Feb 26 19:50:16 jj0hns0n: wildintellect I think we determined that to be out of scope for now too right?
Feb 26 19:50:43 Cristiano: yes, no WCS for now
Feb 26 19:50:47 wildintellect: there are some issues with usefulness of 3857 at some latitudes
Feb 26 19:51:03 Cristiano: just simple PNG TMS
Feb 26 19:51:04 mojodna: if the output is TMS, it has the same issues.
Feb 26 19:51:07 wildintellect: really I suppose we just let the tile zoom level go as high as the data has
Feb 26 19:51:14 lossyrob: nhv, nice I'll take a look. Here is a proposal for a general-use Space Filling Curve library: http://www.locationtech.org/proposals/sfcurve
Feb 26 19:51:27 Cristiano: so, can GDAL write MRF?
Feb 26 19:51:44 mojodna: we don’t preclude future WCS if we hang onto source files in 4326
Feb 26 19:51:53 mojodna: (so 3857s are derivatives)
Feb 26 19:51:54 nhv: it can with that github code
Feb 26 19:51:58 jj0hns0n: mojodna yeah, dont preclude but not a primary concern for now right?

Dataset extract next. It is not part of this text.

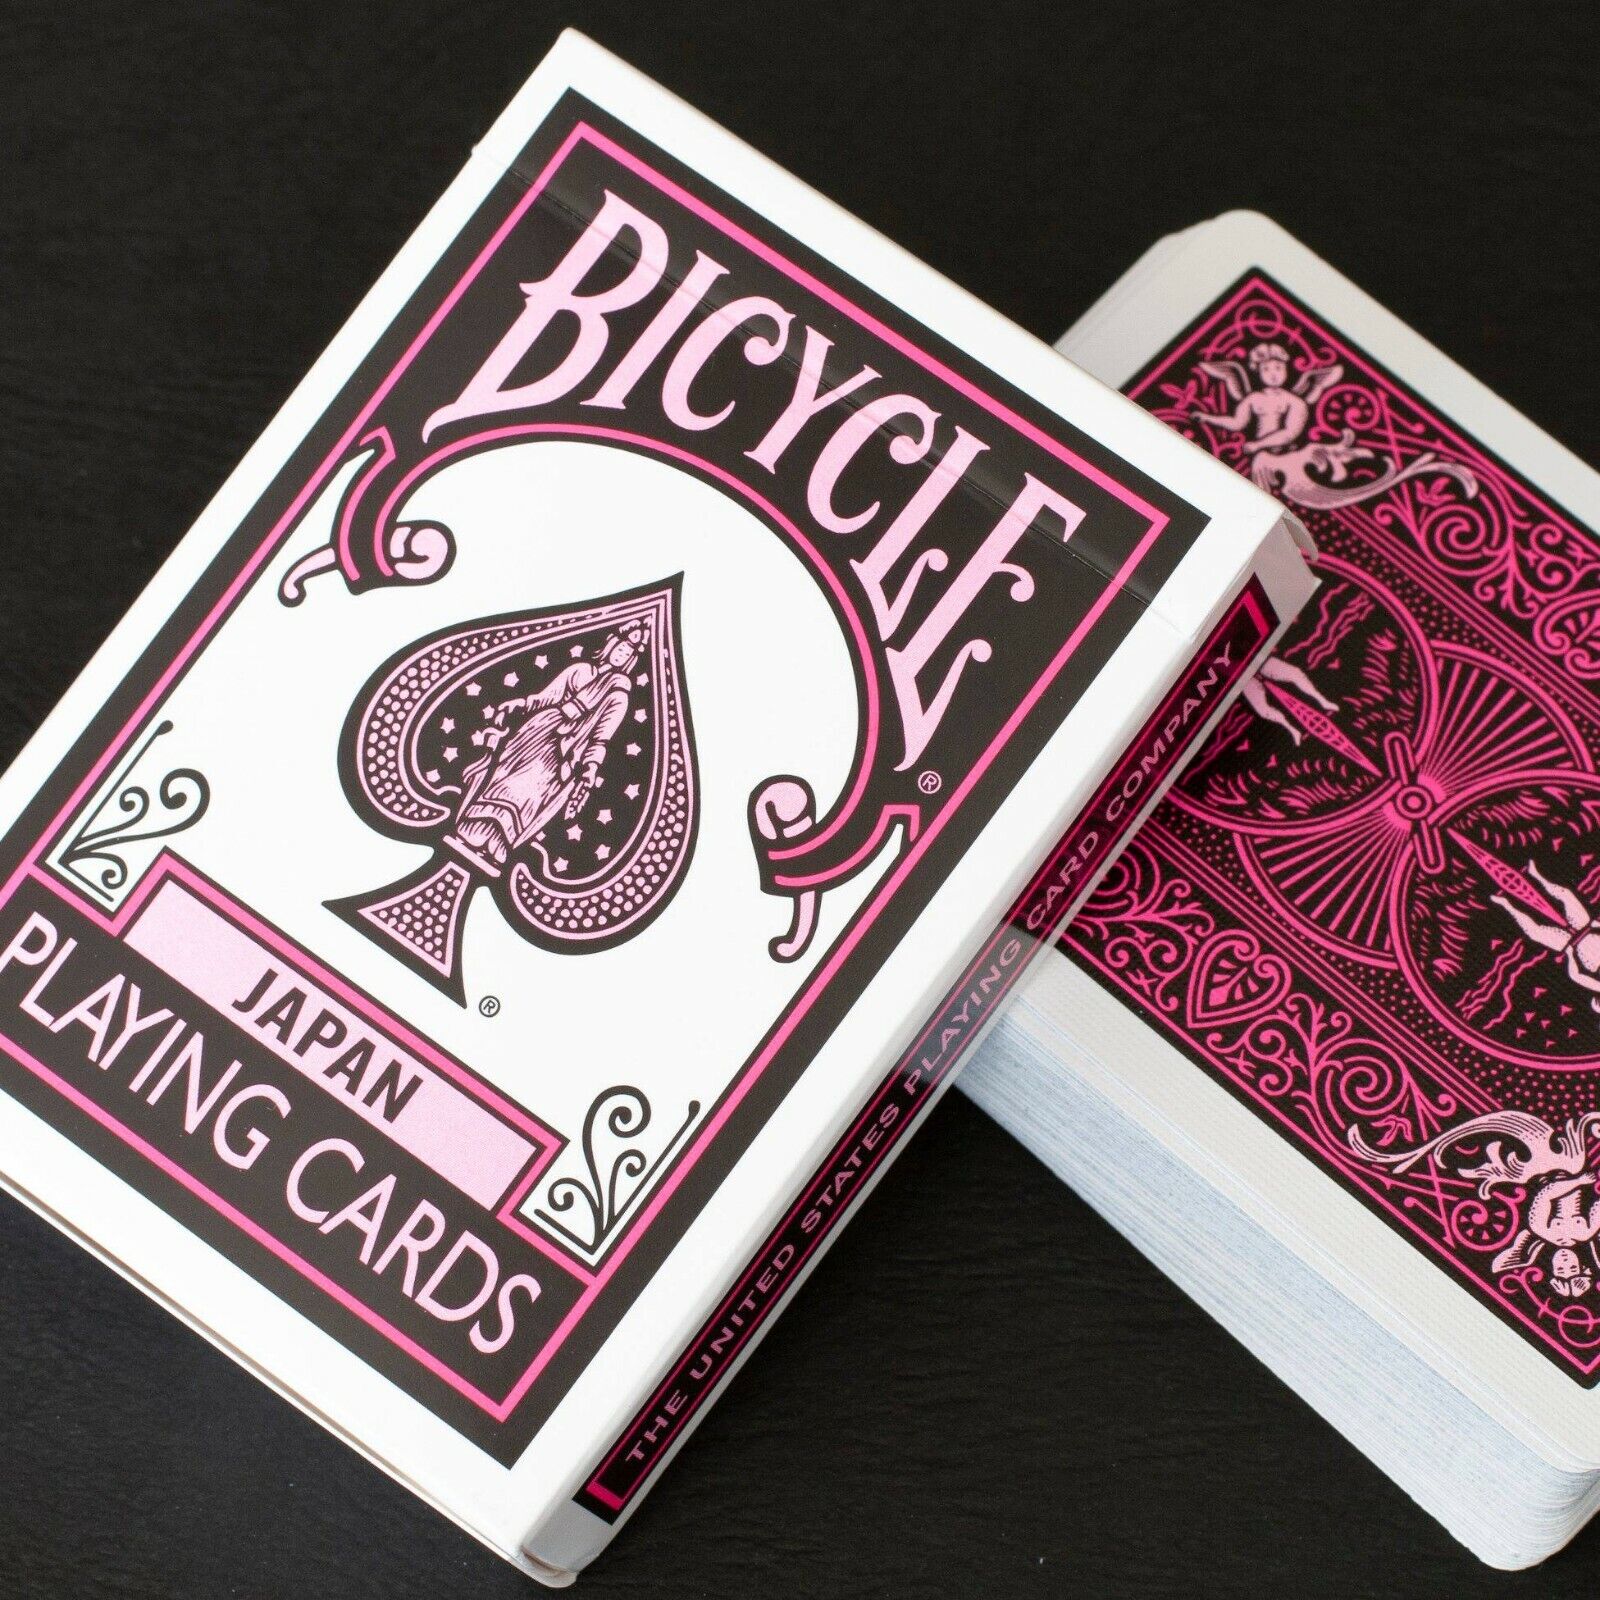 1 DECK Bicycle Japan black-pink playing cards  USA SELLER

Feb 26 19:52:16 FrankW: would be interested in incorporating the MRF driver upstream.
Feb 26 19:52:29 nhv: FrankW++
Feb 26 19:52:37 jj0hns0n: we want to go from individual ortho images to MRF files and only keep some reference to the original files for metadata purposes
Feb 26 19:54:01 nhv: another interesting GDAL driver not mainstream https://bitbucket.org/chchrsc/kealib
Feb 26 19:54:04 Cristiano: cool - so it sounds like gdal will do without any need for mapserver or other tiling software in the middle right?
Feb 26 19:54:16 nhv: that we could potentially exploit
Feb 26 19:54:17 jj0hns0n: frankw, I can imagine going from rpf -> mrf would make alot of people happy
Feb 26 19:54:43 FrankW: :-)
Feb 26 19:55:21 jj0hns0n: or reallly nitf -> mrf
Feb 26 19:55:53 lossyrob: so basically taking a set of ortho images -> MRF tiled, right? I'm not sure what GDAL would do with the overlaps in that case.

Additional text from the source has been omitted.